[DETR source code analysis] 2. Backbone module

foreword

Recently, I was looking at the source code of DETR. After watching it intermittently for about a week, I sorted out the main model code. I have been thinking about what form to write DETR's source code analysis. One form to consider is to write line by file like the YOLOv5 written before, and one is to string the source code according to functional modules. After thinking about it for a long time, I decided to use the second method.
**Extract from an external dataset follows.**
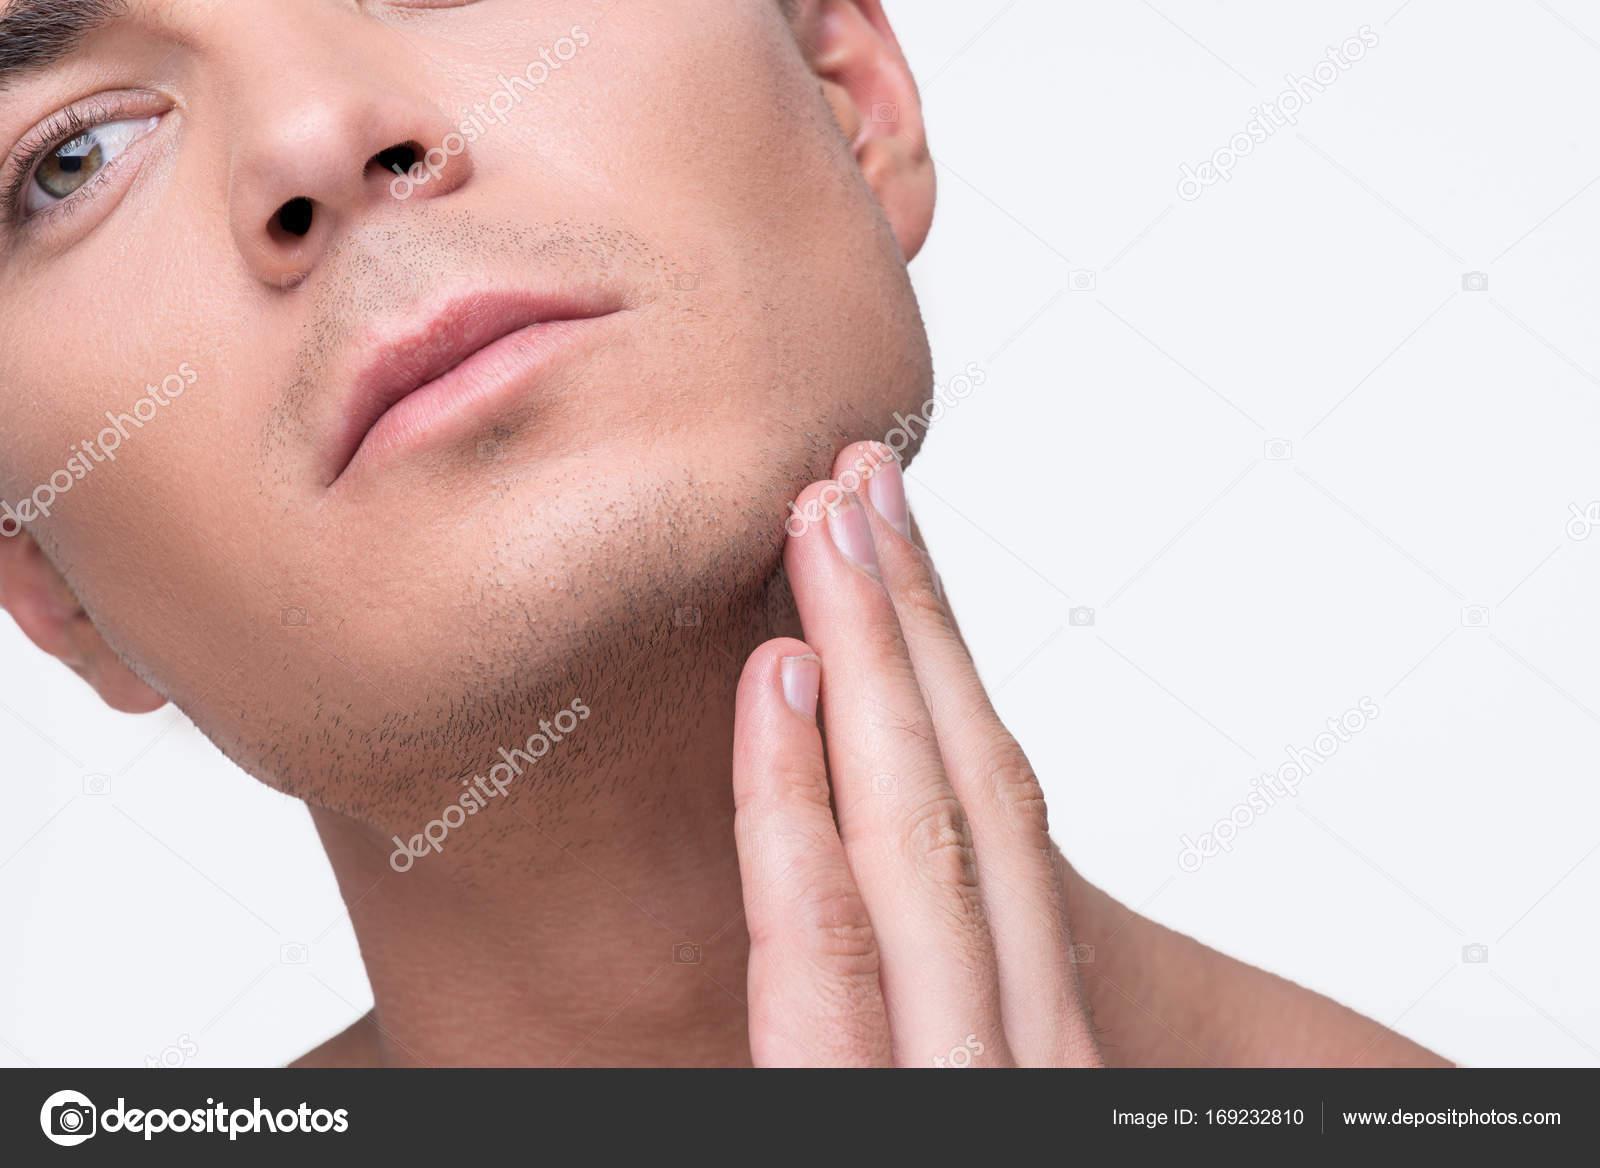 naakte pus

First, this method may save more time. In addition, it is also convenient for me to understand it as a whole.

I think looking at the code is to see that the entire model can be disassembled into functions, and finally all the modules are connected in series, so as to achieve twice the result with half the effort.

Another point I think is very important: get an open source project code, you must immediately configure the environment to run Debug normally, and immediately find the content related to the main model by analyzing train.py, and then focus on the analysis of the model, like some Logs, calculating mAP, drawing and other codes can be completely ignored, which can save a lot of time. Therefore, when I explain the source code in the future, I will completely strip out irrelevant codes, no longer explain, and focus on the model, improvement, loss and other content.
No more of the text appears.